** Opening Information shown block **
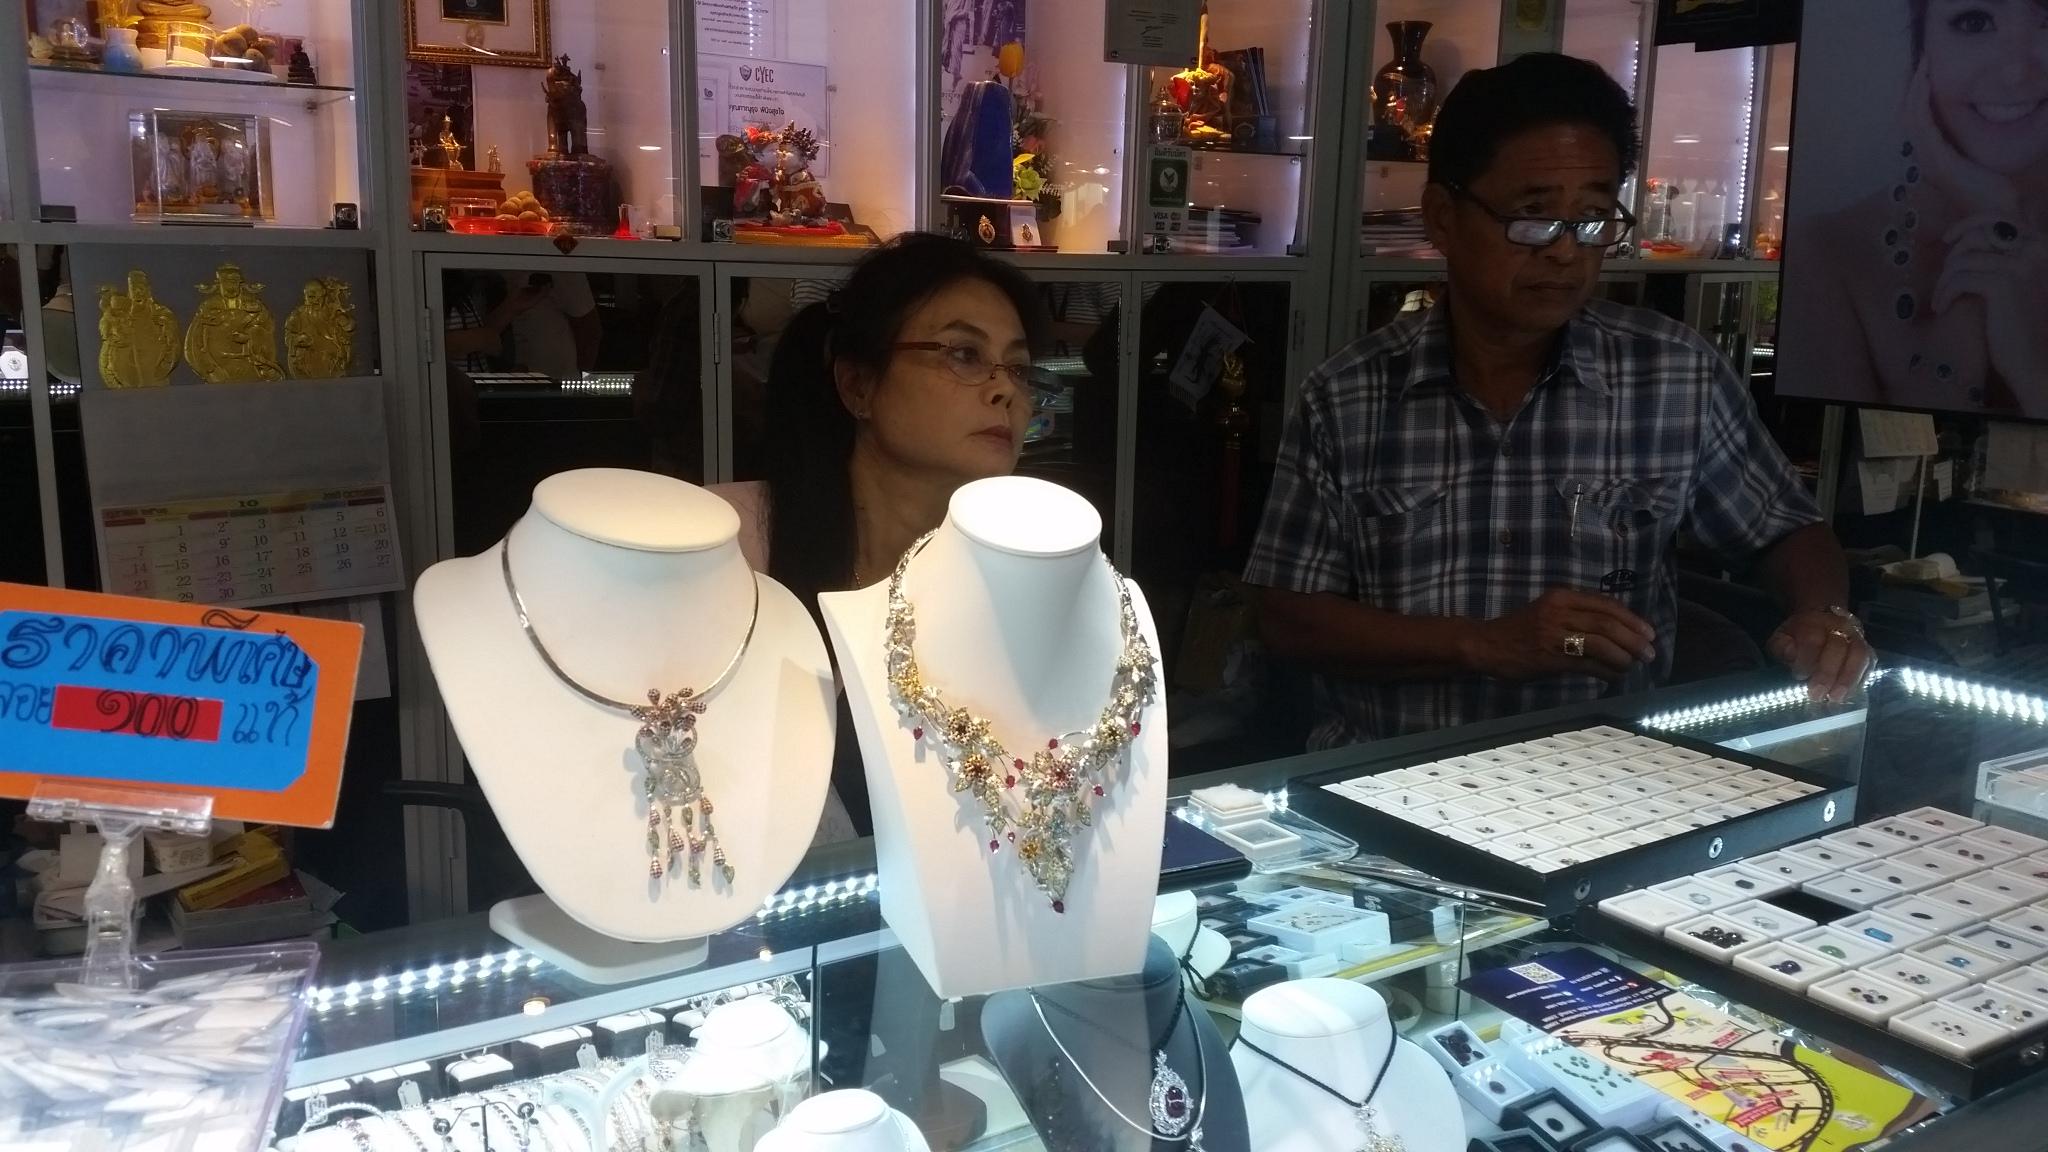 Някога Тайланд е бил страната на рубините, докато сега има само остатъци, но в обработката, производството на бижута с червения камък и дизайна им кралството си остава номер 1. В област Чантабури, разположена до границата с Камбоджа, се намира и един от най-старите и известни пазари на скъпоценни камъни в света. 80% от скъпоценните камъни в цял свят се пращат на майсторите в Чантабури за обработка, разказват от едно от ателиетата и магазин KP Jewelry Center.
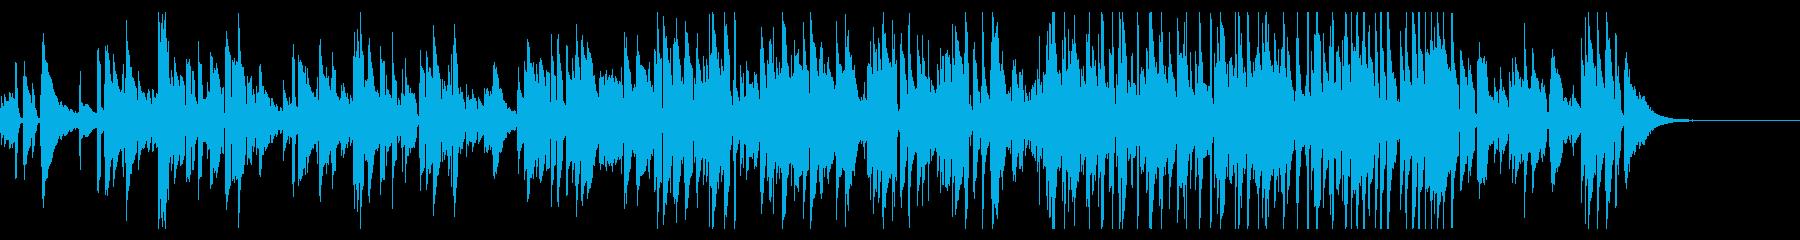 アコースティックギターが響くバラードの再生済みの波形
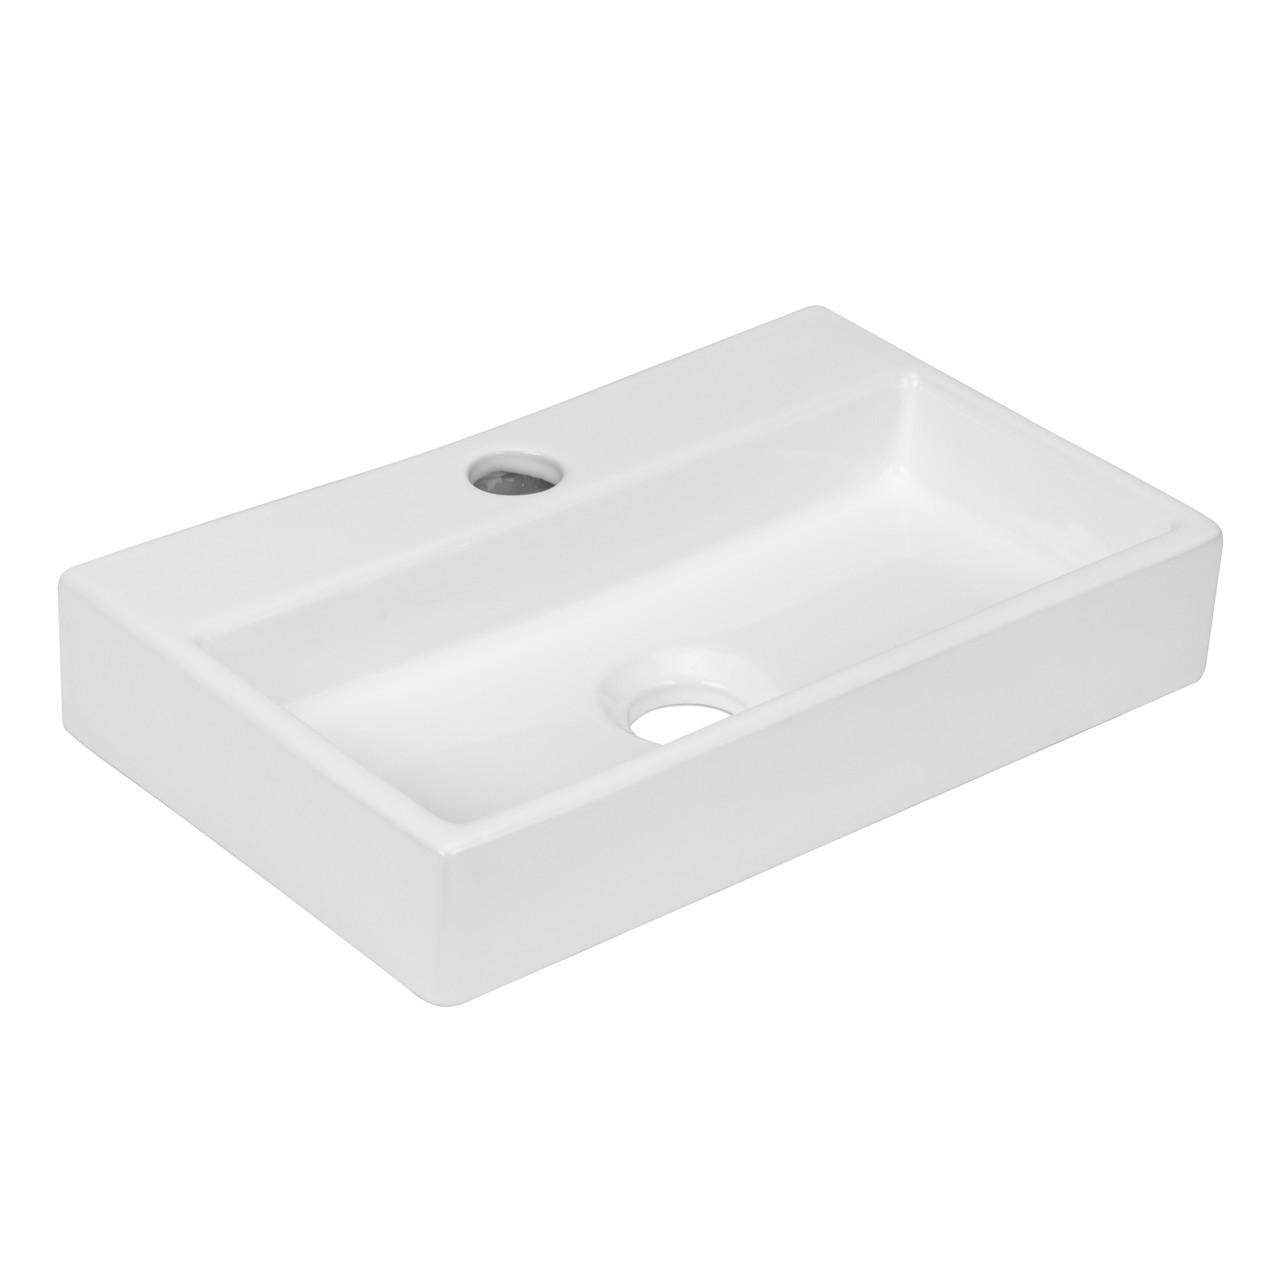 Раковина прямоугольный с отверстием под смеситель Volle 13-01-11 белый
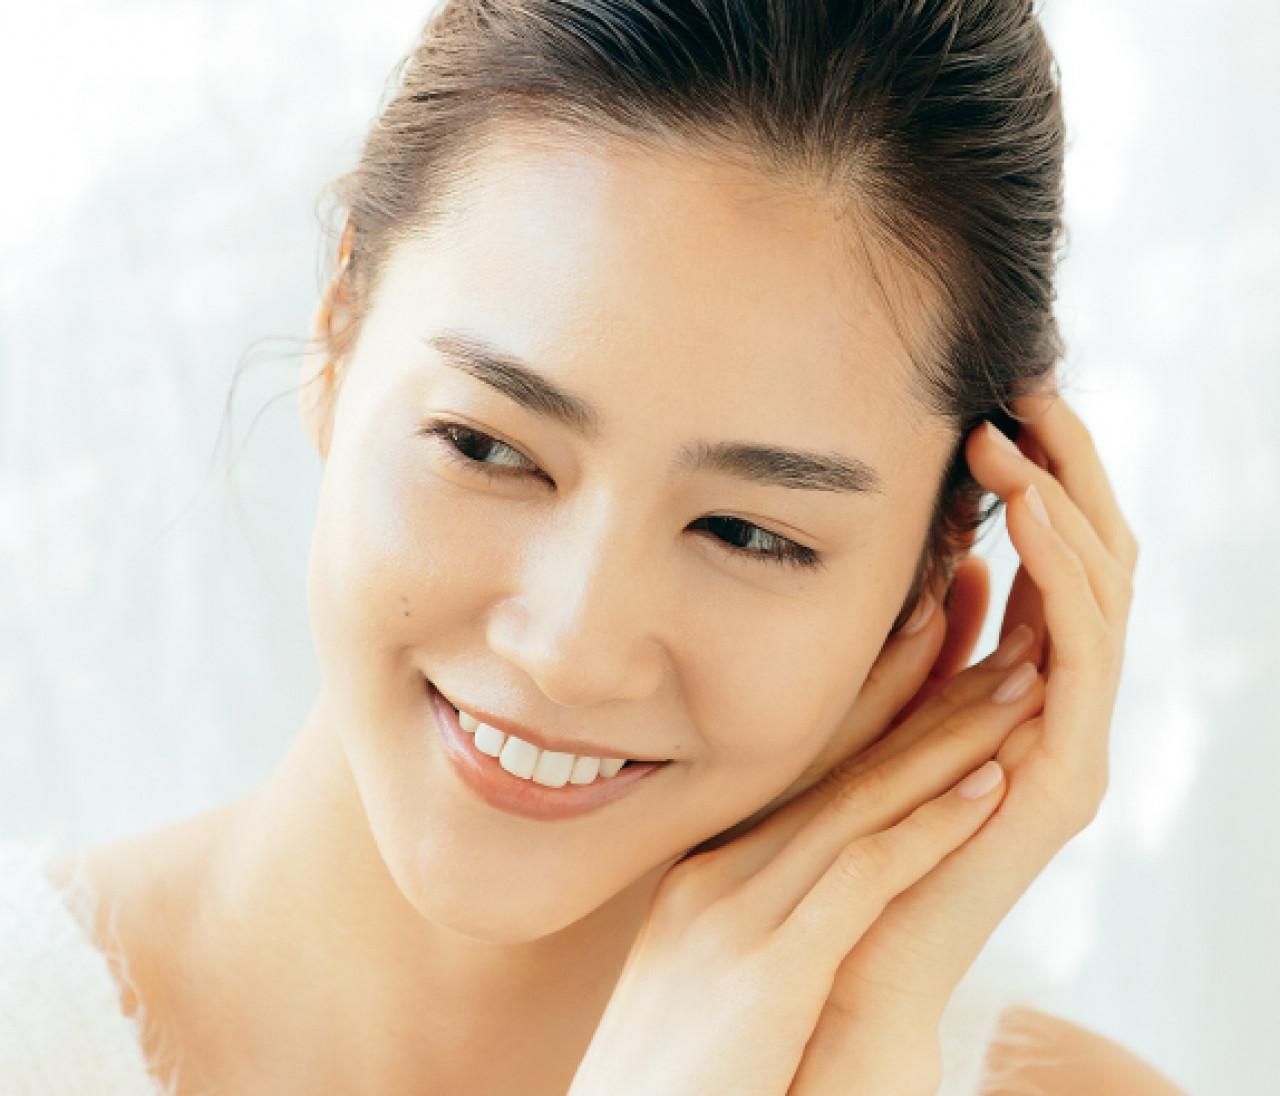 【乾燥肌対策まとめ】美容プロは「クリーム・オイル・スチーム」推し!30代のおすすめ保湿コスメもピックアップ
** Closing Information shown block **
[What is being asked]
Could the data above be repeated exactly, with every picture dropped?

[Result of this task]
 Някога Тайланд е бил страната на рубините, докато сега има само остатъци, но в обработката, производството на бижута с червения камък и дизайна им кралството си остава номер 1. В област Чантабури, разположена до границата с Камбоджа, се намира и един от най-старите и известни пазари на скъпоценни камъни в света. 80% от скъпоценните камъни в цял свят се пращат на майсторите в Чантабури за обработка, разказват от едно от ателиетата и магазин KP Jewelry Center.
 アコースティックギターが響くバラードの再生済みの波形
 Раковина прямоугольный с отверстием под смеситель Volle 13-01-11 белый
 【乾燥肌対策まとめ】美容プロは「クリーム・オイル・スチーム」推し!30代のおすすめ保湿コスメもピックアップ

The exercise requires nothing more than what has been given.